Sabtu, 02 Maret 2019
Laporan: Ellena Christine
Kupang, flobamora-spot.com – Untuk pertama kalinya sejak 60 tahun NTT hadir baru saat ini diselenggarakan Festifal Sarung Tenun NTT. Gubernur ganti gubernur tidak pernah ada gagasan spektakuler seperti ini. Tidak ada yang perlu disalahkan dalam hal ini, karena Setiap pemimpin yang lahir pada masanya memiliki program yang relevan dengan kobdisi saat itu. Program Pariwisata yang telah Gubernur Viktor Bungtilu Laiskodat tetapkan harus didukung dengan berbagai even. Festival Sarung Tenun NTT yang digagas Ketua Dekranasda Yuli Sutrisno Laiskodat adalah salah satunya.
“Festifal ini menghadirkan ribuan orang tanpa budget murah meriah tapi berdampak besar”, kata Istri Gubernur NTT itu kepada Media di sela-sela kegiatan festifal di arena Car free day Sabtu (2/3/2019).
Menurut Putri Konglomerat Jaman Soeharto Tomy Winata itu, meski baru pertama kali namun cukup banyak warga yang berpartisipasi.
“Bukan hanya datang tapi mau menampilkan tenunan – tenunan NTT dengan kekayaan intelektualnya”, urainya.

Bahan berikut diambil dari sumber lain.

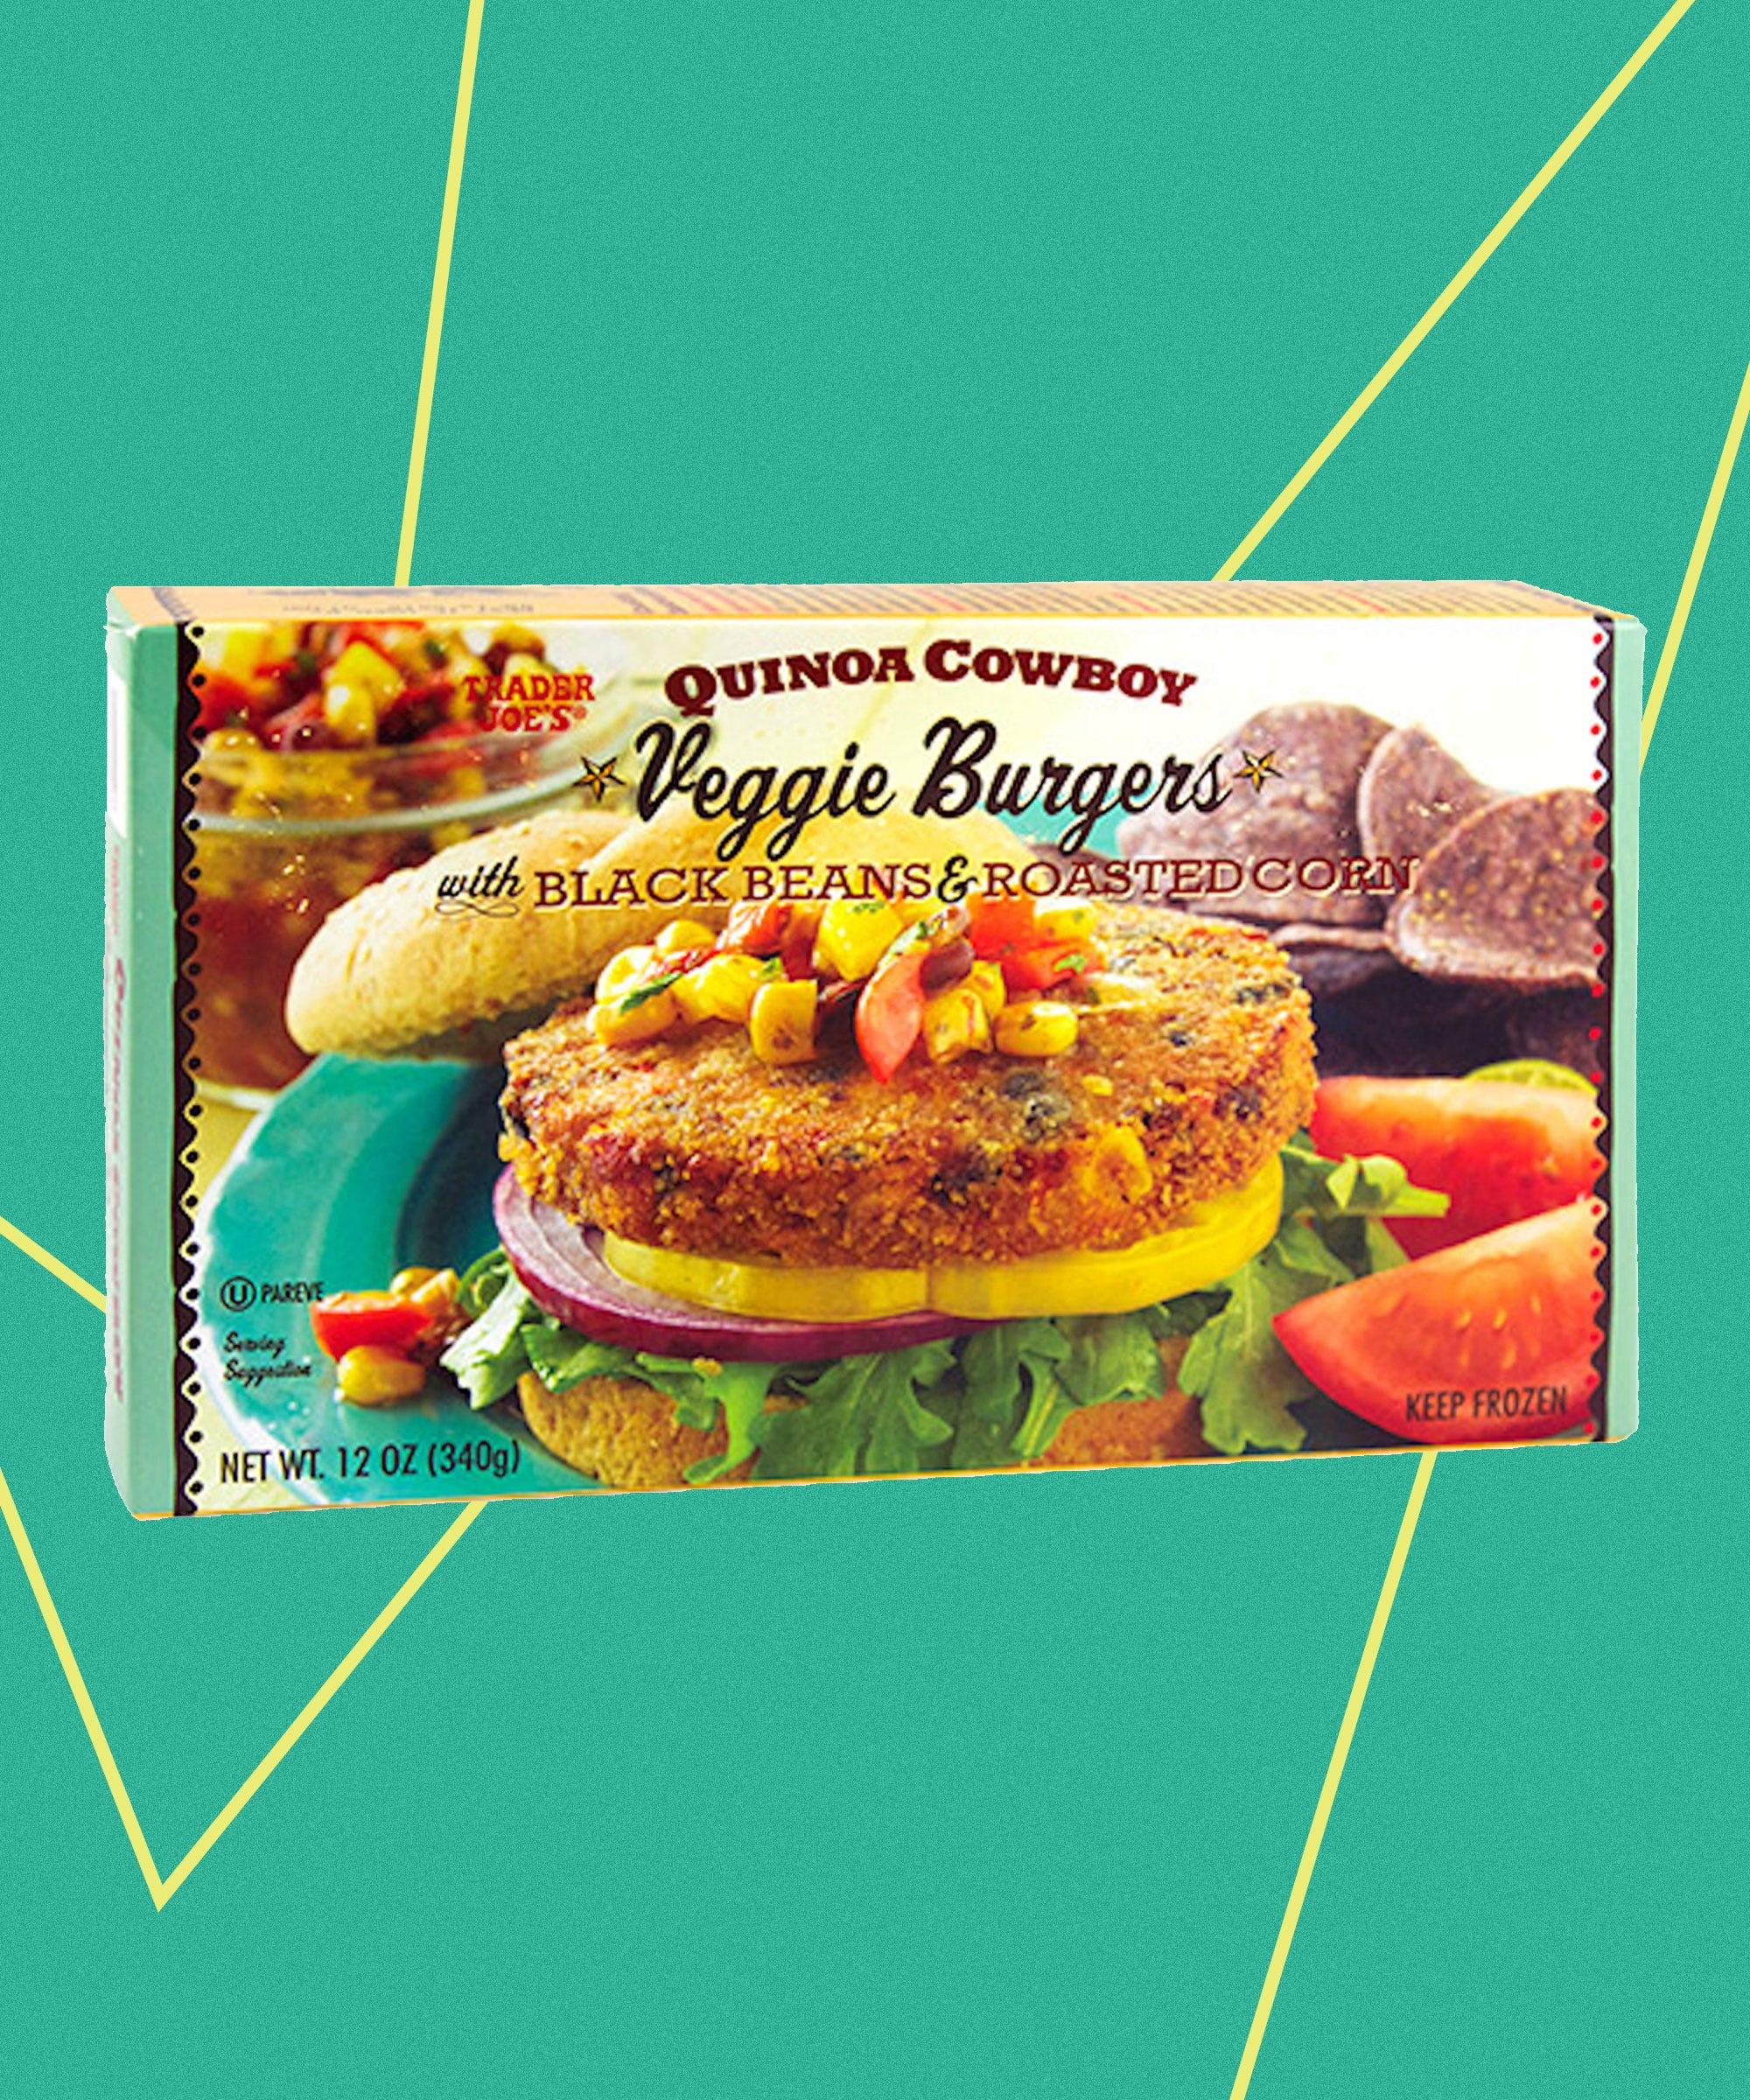 Vegetarians & Vegans Weigh In On The Best Meatless Burger Options

Lebih jauh ia mengatakan, lewat festiral ini NTT mau menunjukkan betapa akur mqsyarakatnya.
“Masyarakat yang dengan balutan tenun ikat NTT bukan hanya dari agama tertentu tetapi dari seluruh agama. Ini menunjukkan toleransi yang cukup tinggi. Kita mau katakan kepada dunia baik Nasional maupun Internasional bahwa kita bersatu kita damai. Datanglah ke NTT”, jelasnya.


Karo Humas Setda Provinsi NTT Dr. Jelamu Ardu Marius mengatakan, apa yang ditampilkan hari ini merupakan identitas masyarakat NTT.

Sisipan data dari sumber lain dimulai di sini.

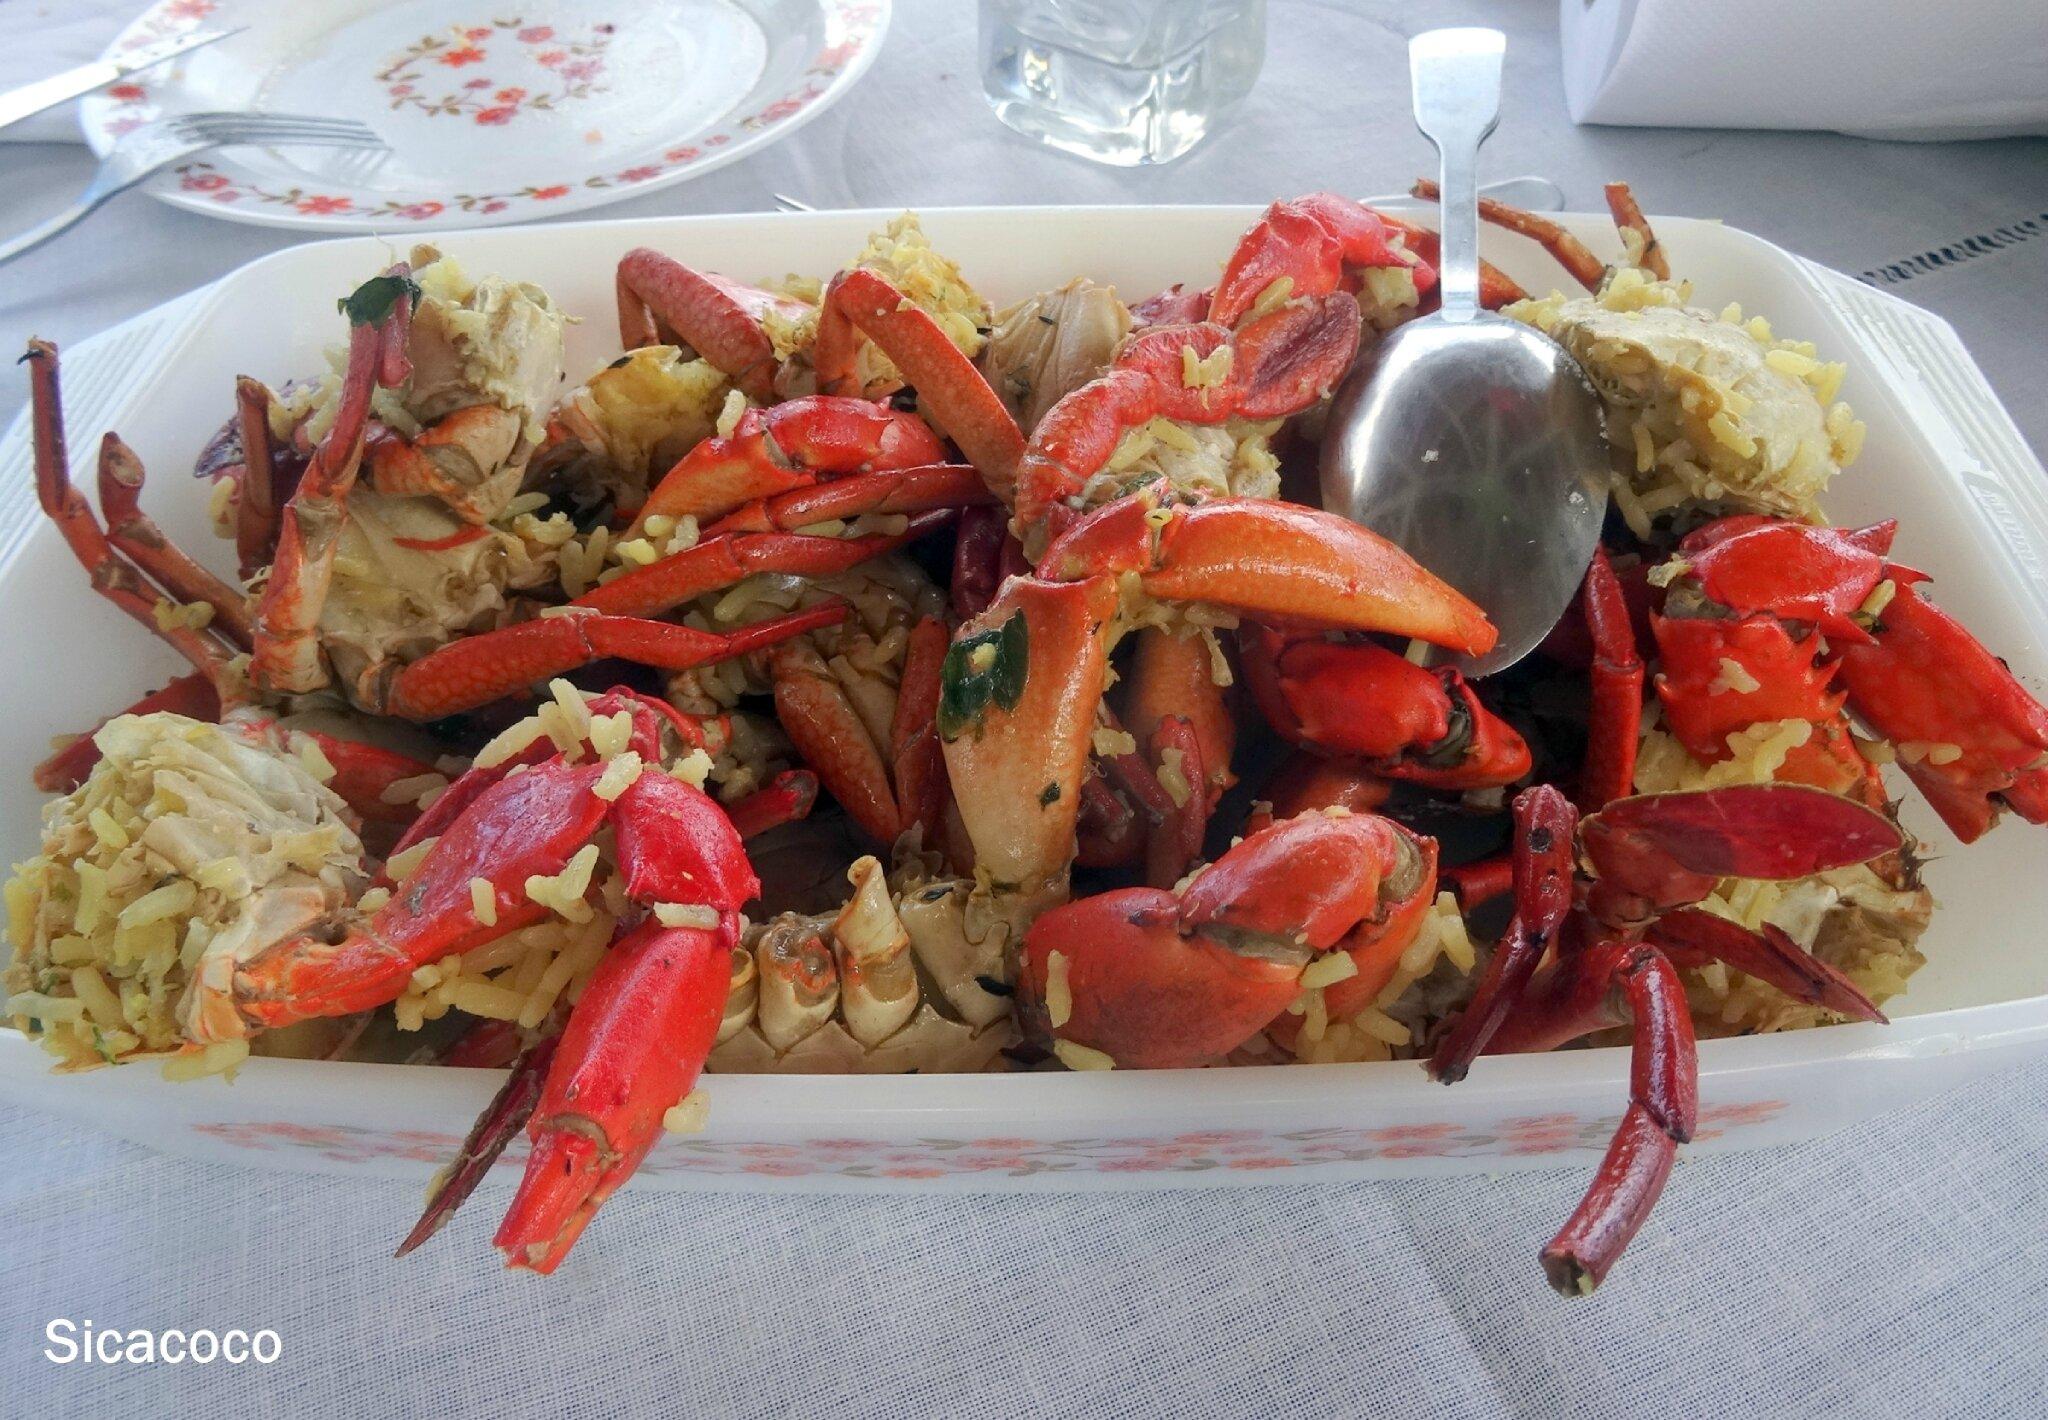 Menu Repas De Noel Antillais.Paques En Guadeloupe Les Carnets De Sicacoco

“Mari kita membangun martabat bangsa kita yang tidak hanya kuat secara ekonomi tetapi kuat secara kultural. Inilah identutas bangsa yang sangat mahal. Ini adalah pride. Kalo kita mengembangkannya secara baik makq kita memberikan pride kepada daerah kita, bangsa kita”, ujar Mantan Kadis Pariwisata NTT itu.
Menurut dia, ketika orang dari suku tertentu memakai kain adat daerah lain akan terjadi dialog budaya. “Jadi dialog budaya itu tidak hanya verbalisasi, tidak hanya diskusi intelektual tetapi dengan mengenai atribut-atribut antara daerah”, ujarnya.